1. Bearing conditions monitoring of a large motor

• Monitoring of rotational bearing health of a large electric motor pump

2. Tool conditions monitoring of a CNC machine

• A worn tool can increase the friction between the tool and the workpiece, affecting the machining quality and may cause time and production loss.
• Indirect method of tool condition monitoring via real-time acquisition of vibration signals during the machining process.
• AI-based prediction and inference of a tool condition.
• Monitoring from a CNC machine’s tool holder.

3. Anomaly (outlier) detection

• Anomalies can represent early signs of machine fault or failure, and are generally difficult to monitor or detect due to absence or insufficient information.
• By using Neuromorphic AI, unknown or out-of-range machine vibration patterns are treated as anomalies by default, which raise suspicions by differing significantly from the majority of the known vibration patterns.

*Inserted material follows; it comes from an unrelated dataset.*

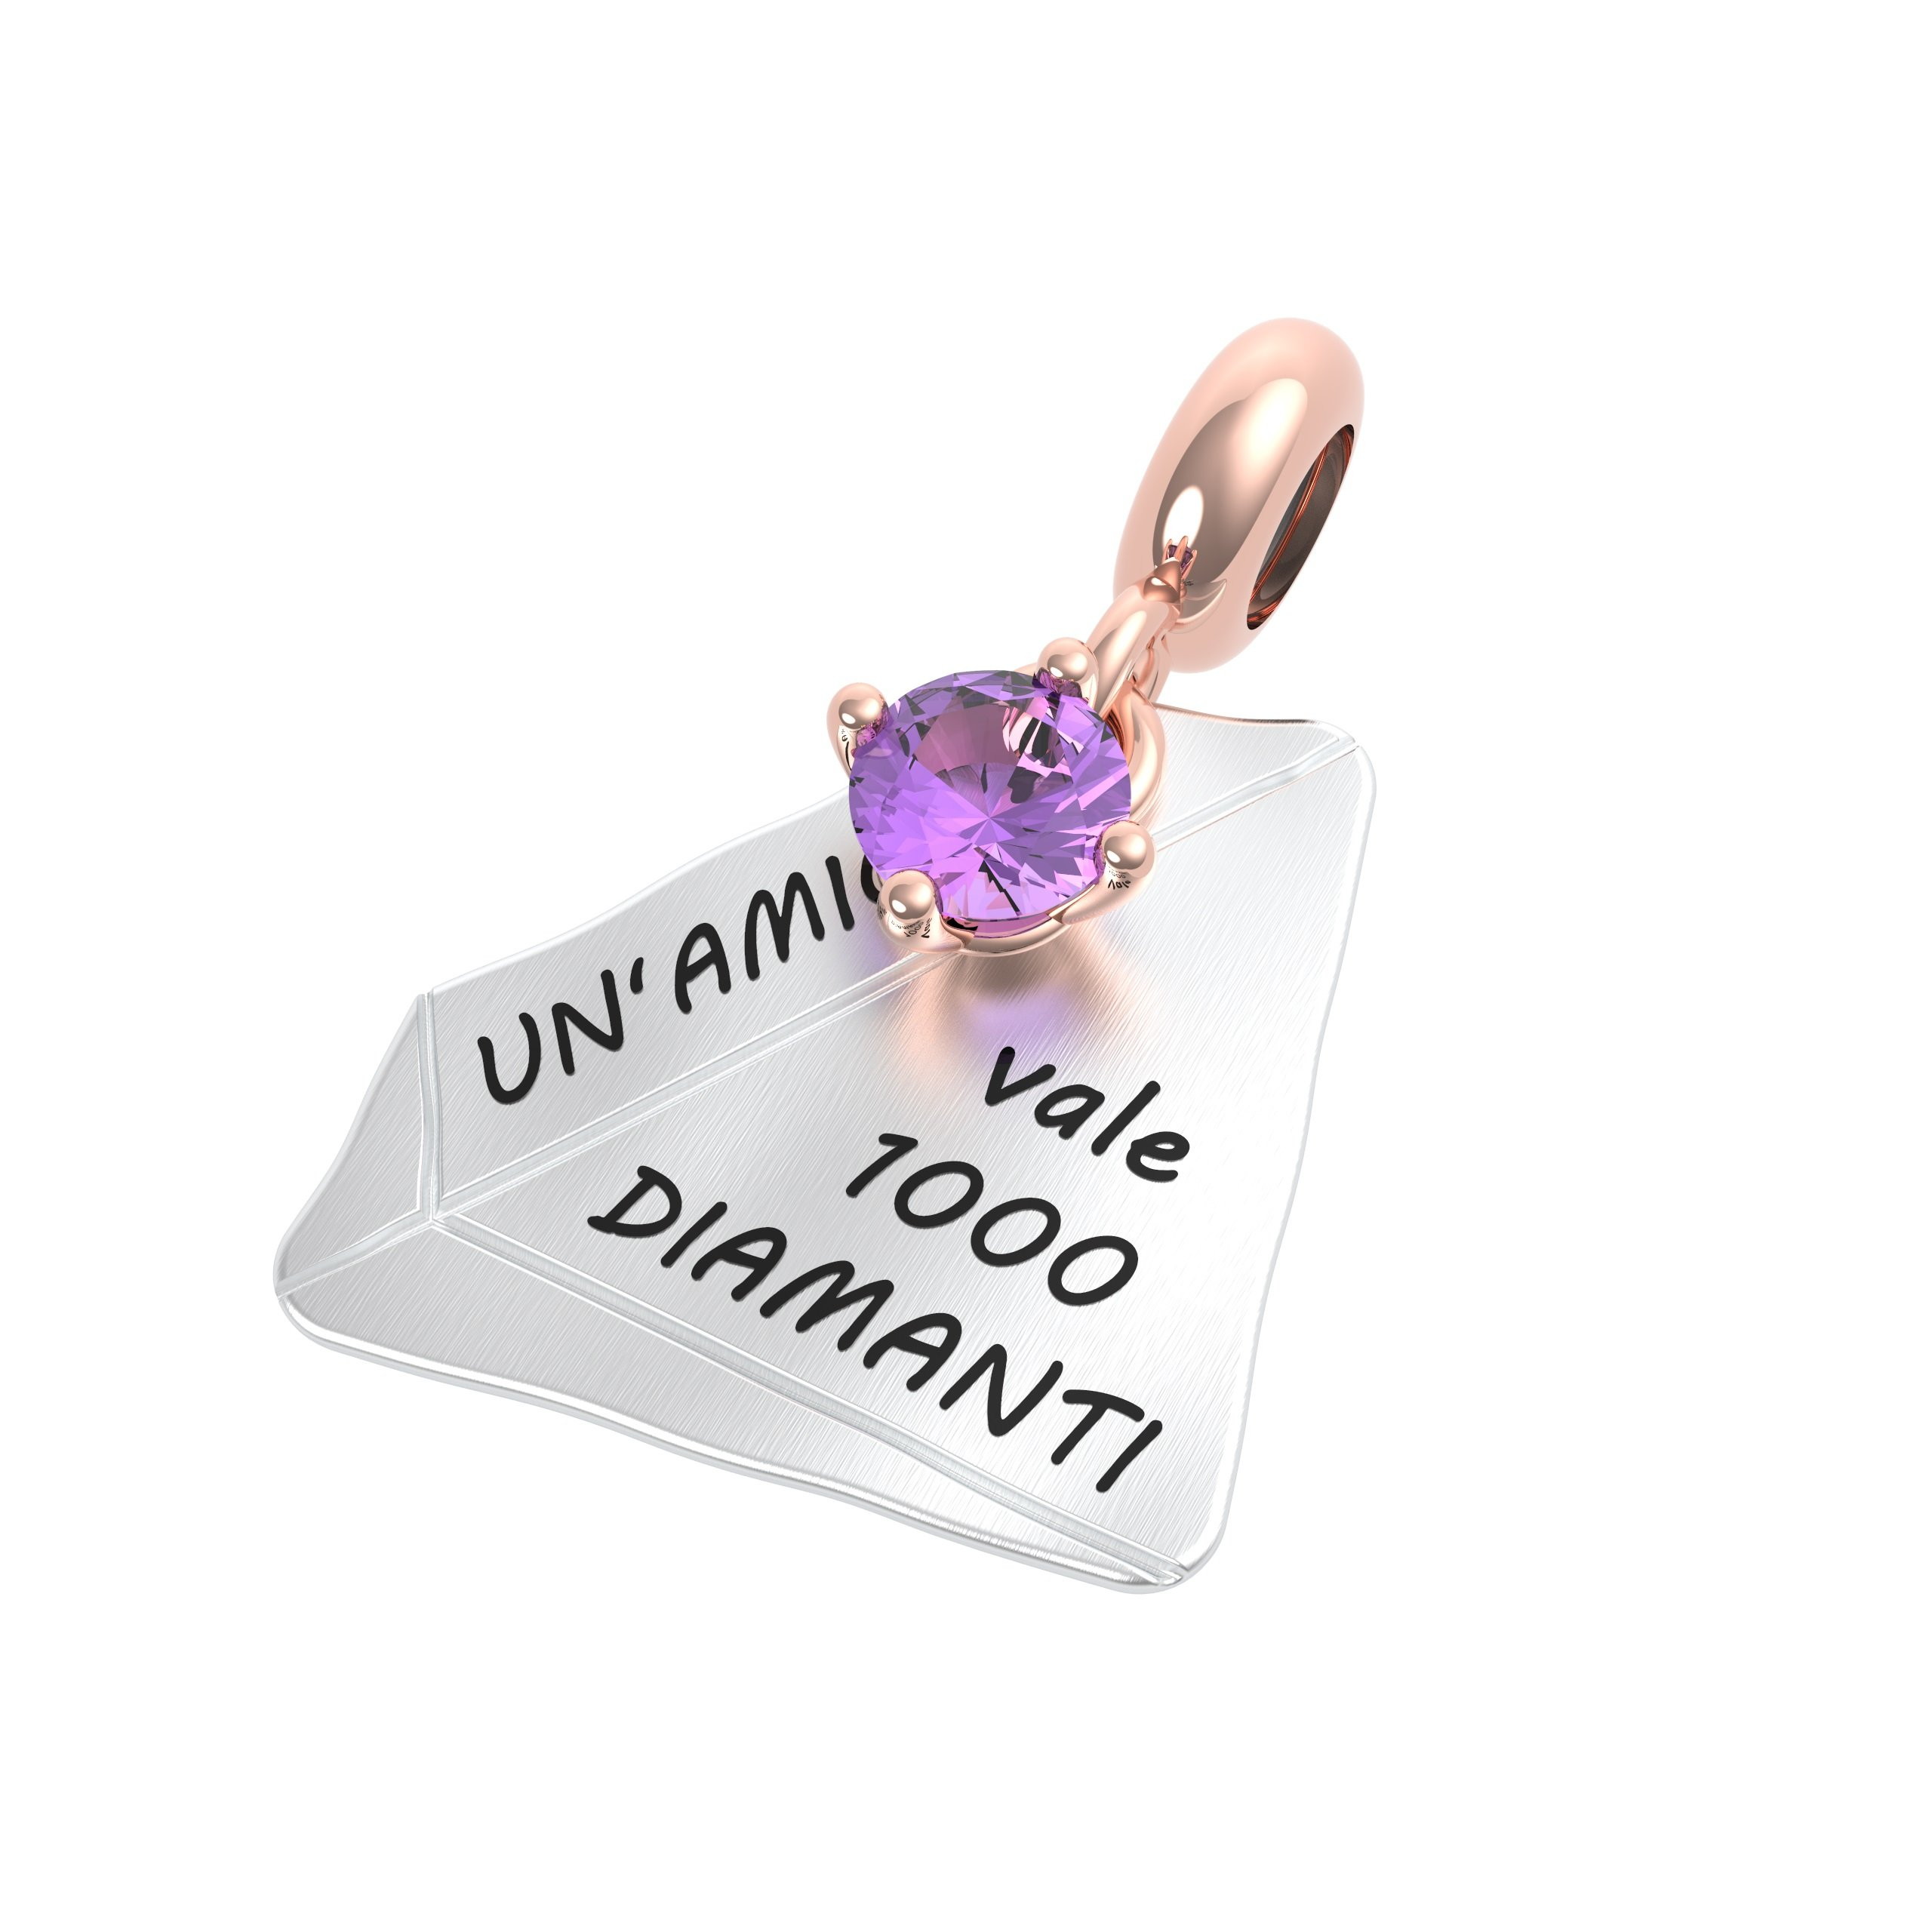 RERUM, Un'amica vale 1000 diamanti
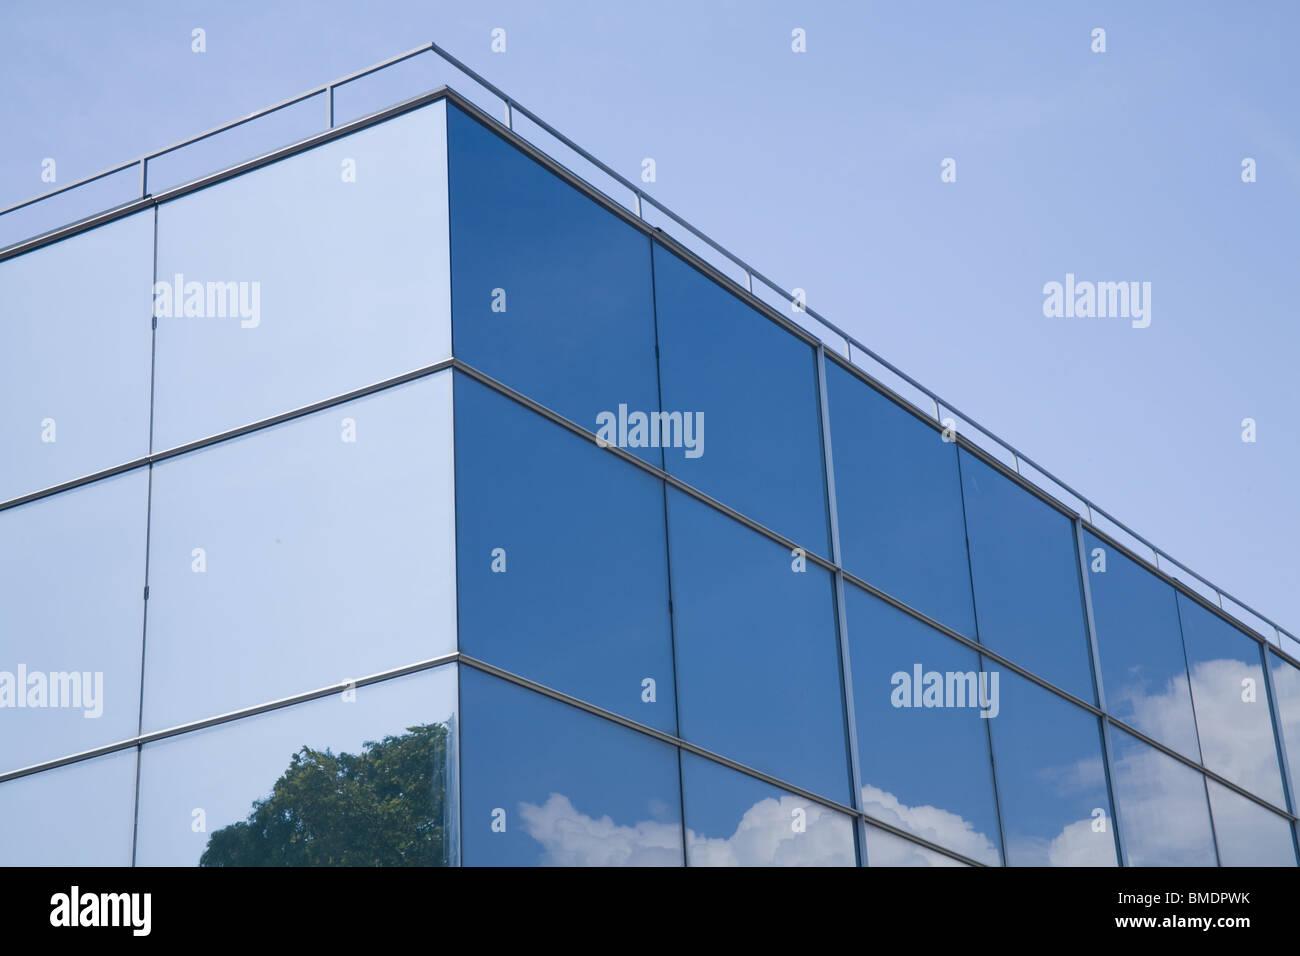 Moderno edificio di vetro con alberi e nuvole riflettono su di esso. Foto Stock

• Extends the time between maintenance shutdowns. This is because maintenance is done on an as-needed basis.
• Does not require a large training dataset. The solution is able to learn-on-the-fly (incremental learning) various vibration patterns while machine is in continuous operation.
• Detect machine anomaly (report unknown vibration patterns). The solution is able to learn (supervised) on-the-fly, and detects anomaly without the need to bring the system offline.
• Scalable system. The solution is able to support multiple wireless accelerometers (or vibration sensors) across a large area using wireless mesh configuration for monitoring of multiple machines.